Data value construction routines
Code: Select all
set_string_item(ciftype * ciffile, int blockid, char * dataname, char * value)
set_numb_item(ciftype * ciffile, int blockid, double value, double esd)
set_data_item(ciftype * ciffile, int blockid, datatype * value)
Set dataname to a value.
Code: Select all
ciflooptype * create_loop(ciftype * ciffile, int blockid, char ** datanames)
Create an empty loop containing datanames and return a handle for the loop. It is not
an error to pass a null pointer for datanames, in which case an empty loop is created
suitable for adding columns.
Code: Select all
add_column(ciflooptype * cifloop, char * dataname)
Add an empty column to the loop. If other datanames are already present, the column
will be initialised with values of UNKNOWN.
Code: Select all
add_packet(ciflooptype * cifloop, cifpacket * packet)
Add a packet to the loop. The contents of packet are copied.
Code: Select all
cifpacket * get_packet_template(ciflooptype * cifloop)
Get a template for adding packets to this loop. See below for packet handling routines.
Code: Select all
add_numb_column(ciflooptype * cifloop, char * dataname, float * values, int len)
add_char_column(ciflooptype * cifloop, char * dataname, char ** values, int len)
add_data_column(ciflooptype * cifloop, char * dataname, datatype ** values, int len)
Add a column of data. If the loop is not empty, the length of the data should
correspond to the length of the data already in the loop, otherwise an error will be raised.
Code: Select all
delete_column(int cifloop, char * dataname)
Remove the column from the loop. It is not an error to remove the last column or a non-existent column.
Code: Select all
delete_dataname(ciffile * file, int blockid, char * dataname)

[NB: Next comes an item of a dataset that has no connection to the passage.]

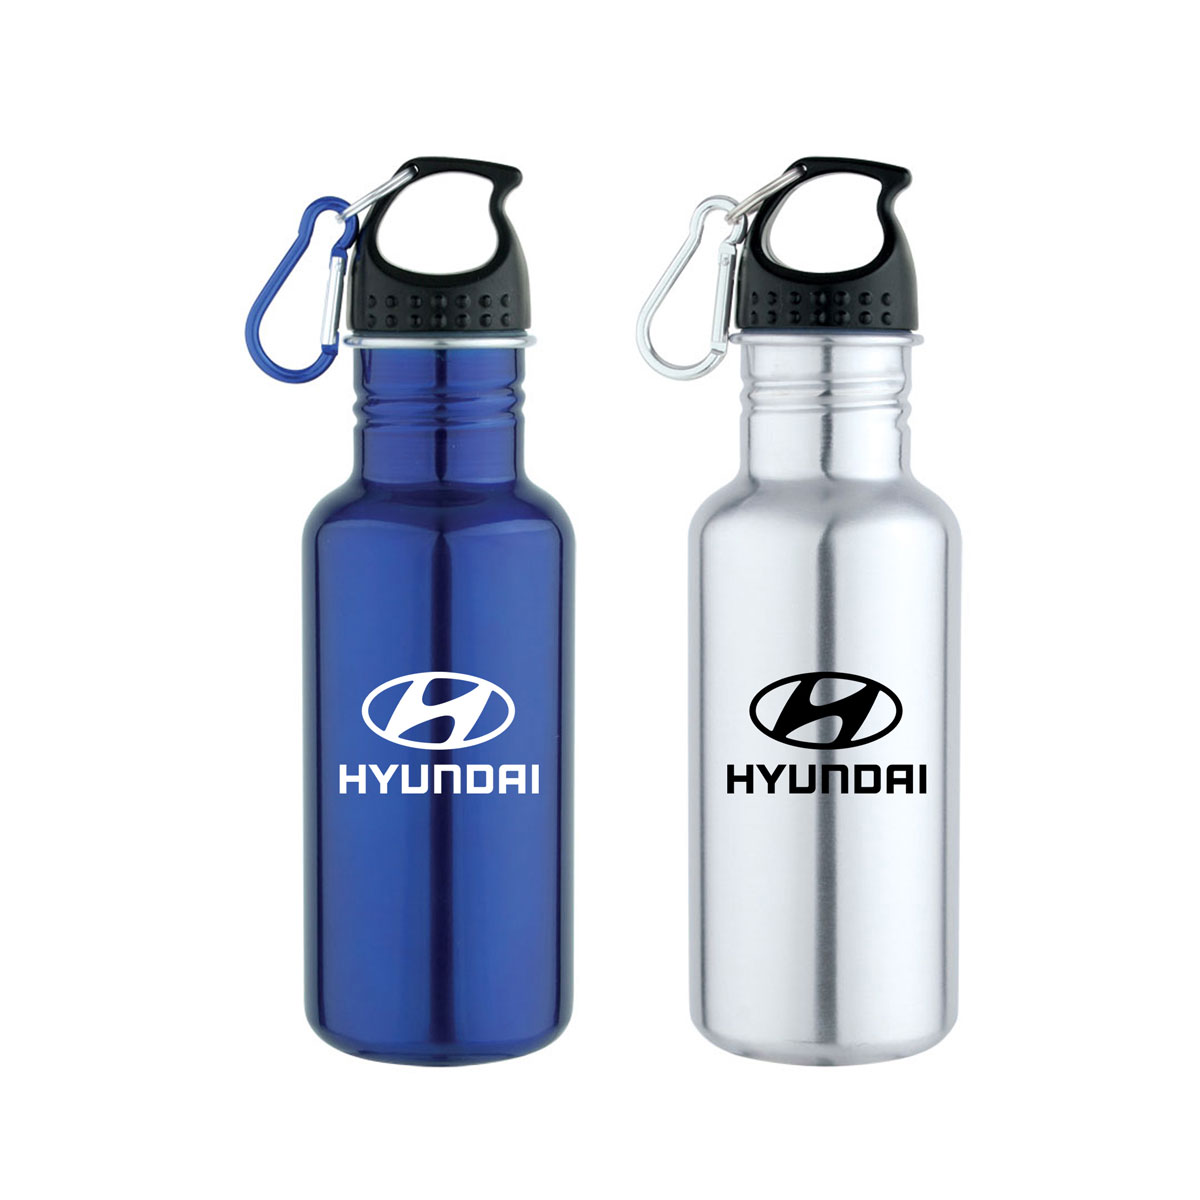 22oz. CANON STAINLESS STEEL WATER BOTTLE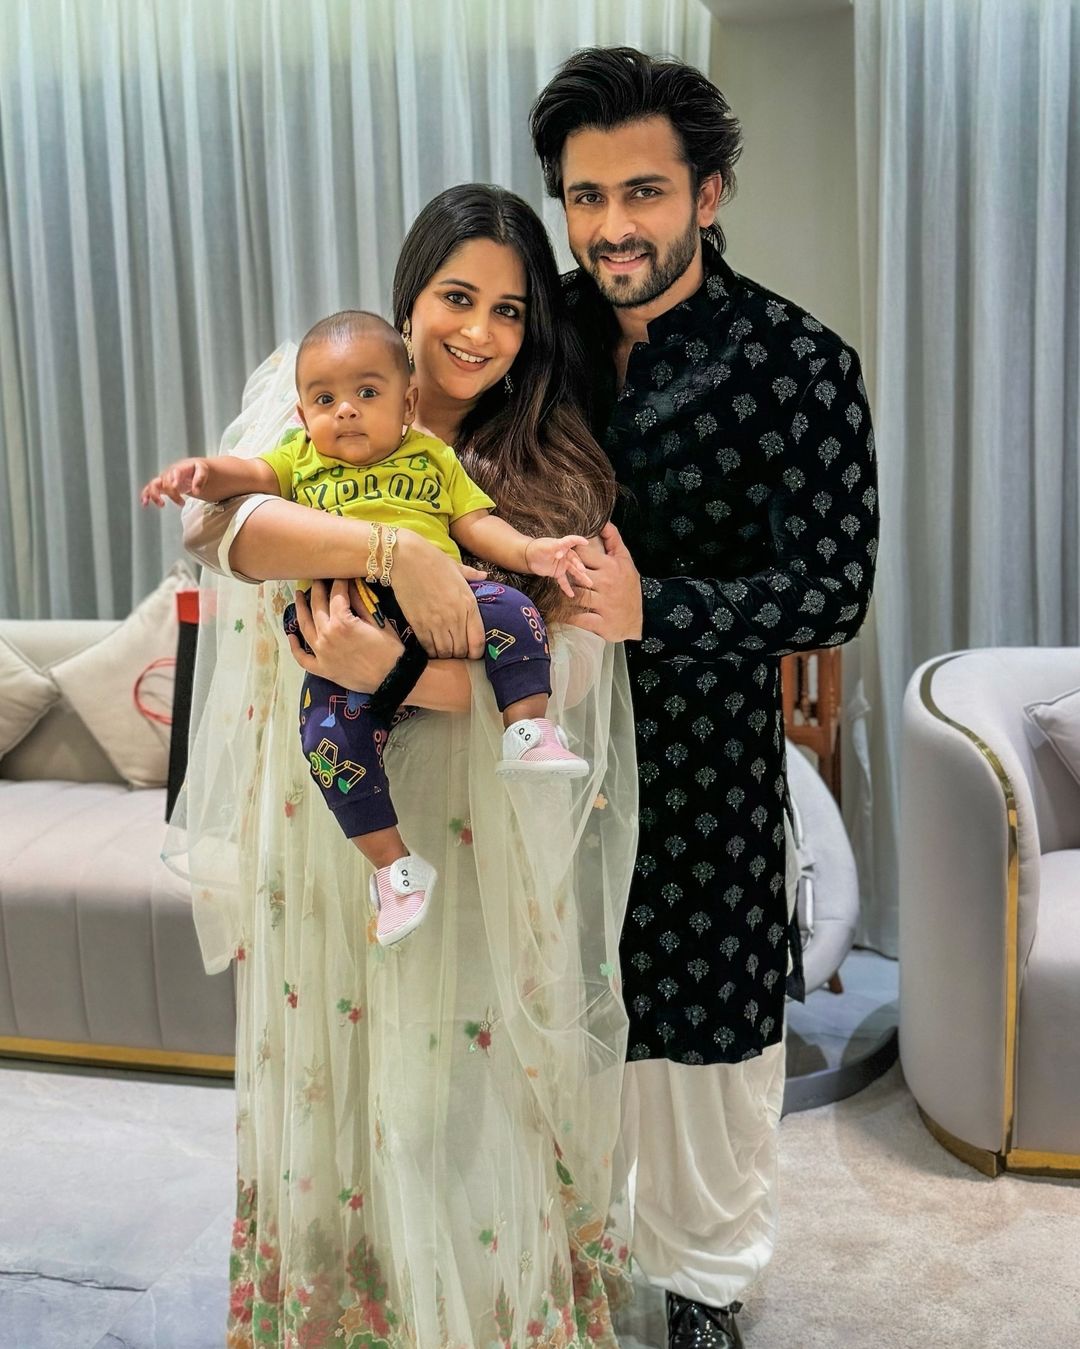 Actress Dipika Kakar Enjoyed A Cup Of Chai When Shoaib Put Their Baby Ruhaan To Sleep. They Shared A Cute Video!

Remove a dataname from the datablock. It is not an error to remove a non-existent dataname.
Code: Select all
delete_packets(cifpacket * packet)
Delete all packets matching packet.
Packet handling routines
The cifpacket structure is attached to a specific loop and created using the loop as an argument (see above).
Code: Select all
char * get_char_value(cifpacket * cp, char * dataname)
double[2] get_numb_value(cifpacket * cp, char * dataname)
datatype * get_data_value(cifpacket *cp, char *dataname)
set_char_value(cifpacket * cp, char * dataname, char * value)
set_numb_value(cifpacket * cp, char * dataname, double value, double esd)
set_data_value(cifpacket *cp, char *dataname, datatype * value)
Get or set values in a packet.
Code: Select all
int count_columns(cifpacket *cp)
Return number of columns in the packet. For use with the following routine
Code: Select all
char ** get_column_names(cifpacket *cp)
Return the datanames in this loop.
Datatype handling routines
The datatype structure is the most general way of representing CIF values, as it can represent all CIF types, in particular NULL and UNKNOWN. Applications would generally use direct setting of columns as CHAR or NUMB for efficiency unless there are some UNKNOWN or NULL values in the columns.
Code: Select all
datatype * create_datavalue()
void set_numb_value(datatype * data, double value, double esd)
void set_char_value(datatype * data, char * value)
void set_unknown(datatype * data)
void set_null(datatype * data)
double[2] get_numb_value(datatype * data)
char * get_char_value(datatype * data)
bool is_unknown(datatype * data)
bool is_null(datatype * data)
Get and set values in the datatype. This is clearly extensible to CIF2.0 compound structures as well.